However, it is apparent to me that Mormons have a very narrow interpretation of this article. They do not mean it to include accepting the way other people choose to live their life. Rather, they feel that it only applies to the religion that people wish to believe in. In other words, they are free to believe any religion they like, but they aren't free to live any way they choose to live. The church is making this quite clear by its history of opposing marriage equality.
The most recent debacle is the legalization of marriage equality in Utah. Just before Christmas last year, US District Judge Robert Shelby declared that Utah's ban on same-sex marriage was against the United States Constitution. This effectively made it legal for same-sex couples to obtain marriage licenses within the state. Subsequently, several county clerks offices refused to issue the licenses even though they were told that to fail to do so would leave them in contempt of court. Of course, this disobedience shows that these Mormons are also going against another one of their Articles of Faith, namely the 12th.

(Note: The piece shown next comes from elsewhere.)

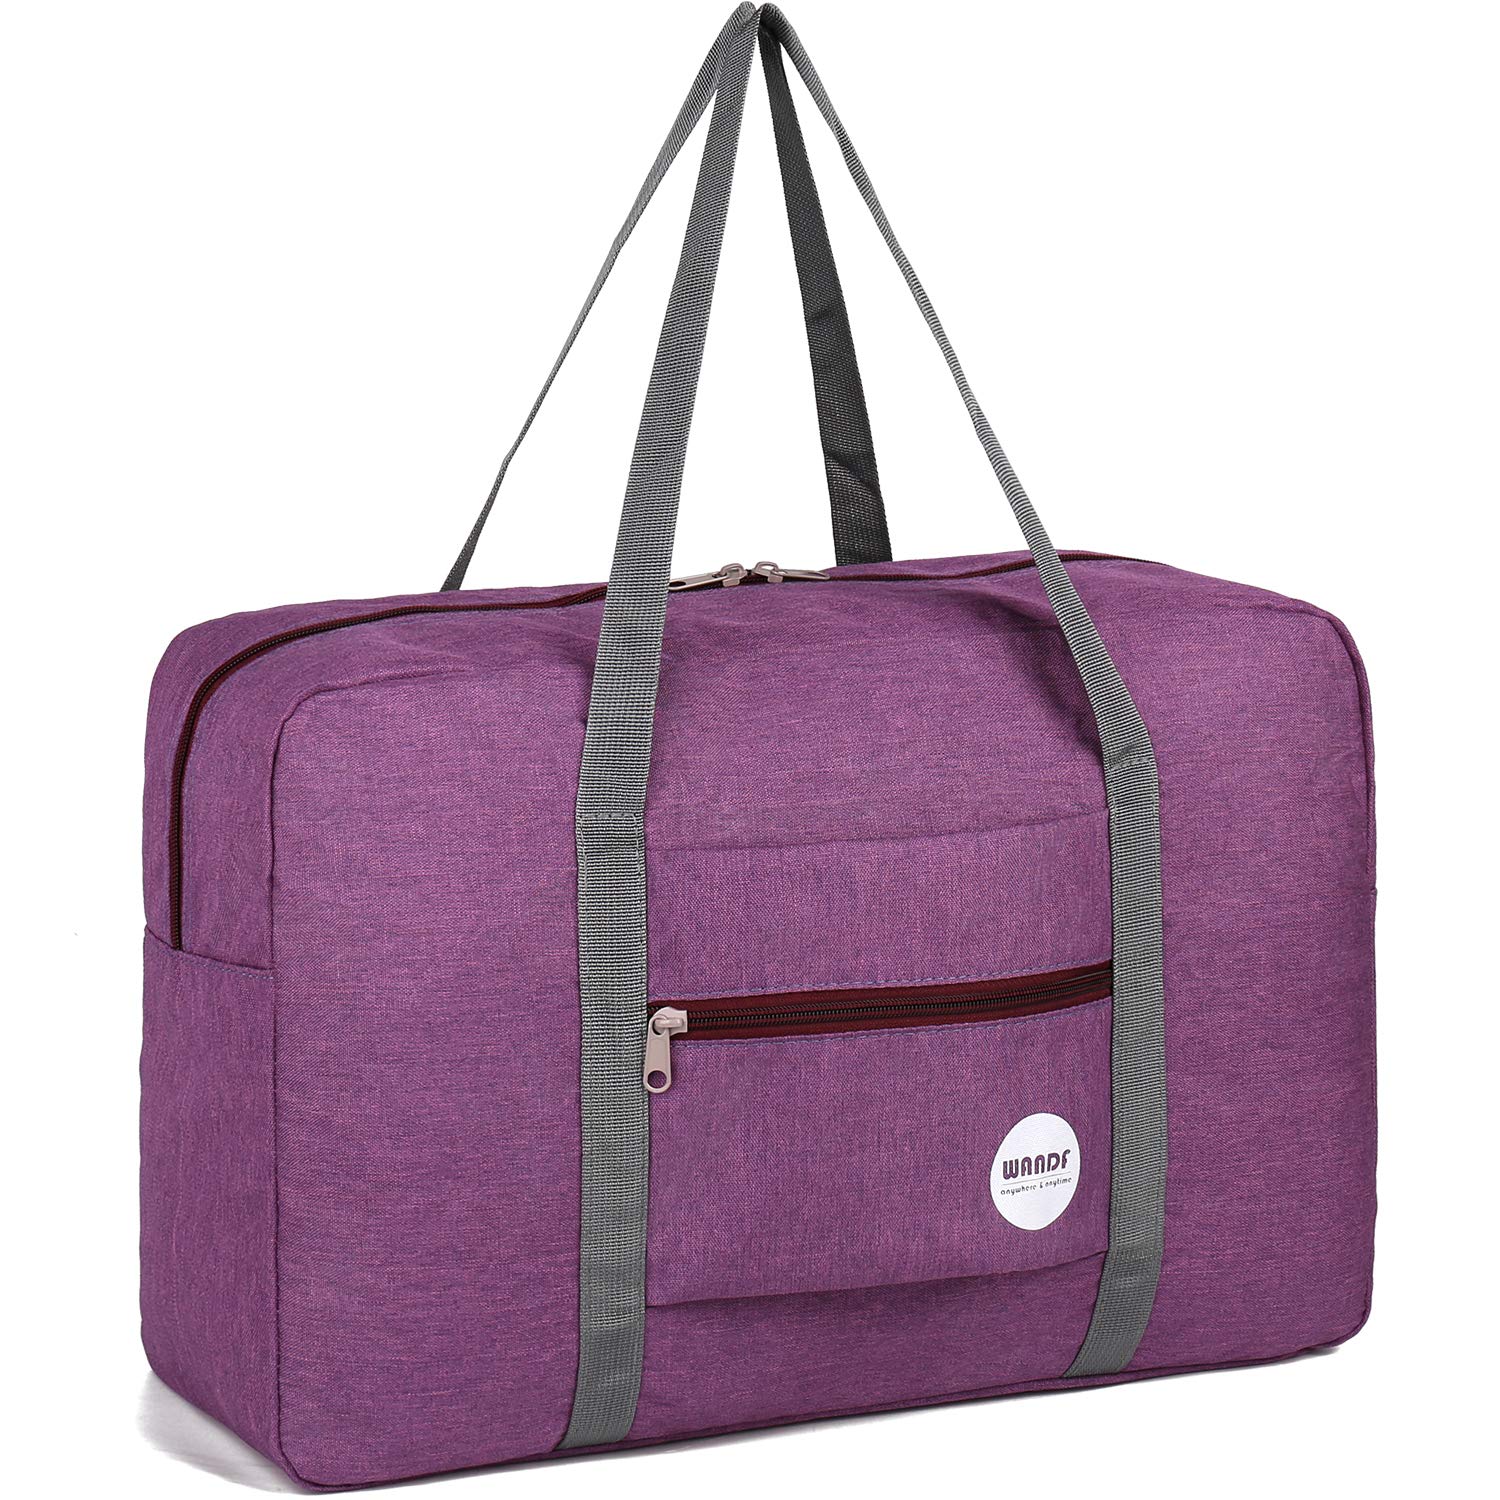 WANDF + Foldable Travel Duffel Bag

We believe in being subject to kings, presidents, rulers, and magistrates, in obeying, honoring, and sustaining the law.According to this article, Mormons should obey the law as it is dictated to them by the government officials that they are legally in the jurisdiction of. But that is not what was seen happening in those counties who refused to issue licenses even when ordered to do so by the Federal Court.
The governor asked for an emergency stay on the ruling, effectively stopping same-sex marriage within the state. The stay was denied. It was called for multiple times and denied each time. Finally, the Supreme Court was asked to put a stay and the stay was granted, and so at least until the Tenth Circuit Court has a chance to hear the case, marriage licenses are not being issued to same-sex couples.
What has been done here? Do same-sex marriages affect Mormons in a negative way? The LDS church claims that they do. They claim that the moral fabric of society is being torn apart by redefining marriage. They claim that changing the definition of marriage to include same-sex couples is an attack on the Family. They even go so far as to claim that opposing marriage equality is not being against anyone. They feel like they can love gay people and still use the law to block them from the same rights that heterosexual people currently enjoy.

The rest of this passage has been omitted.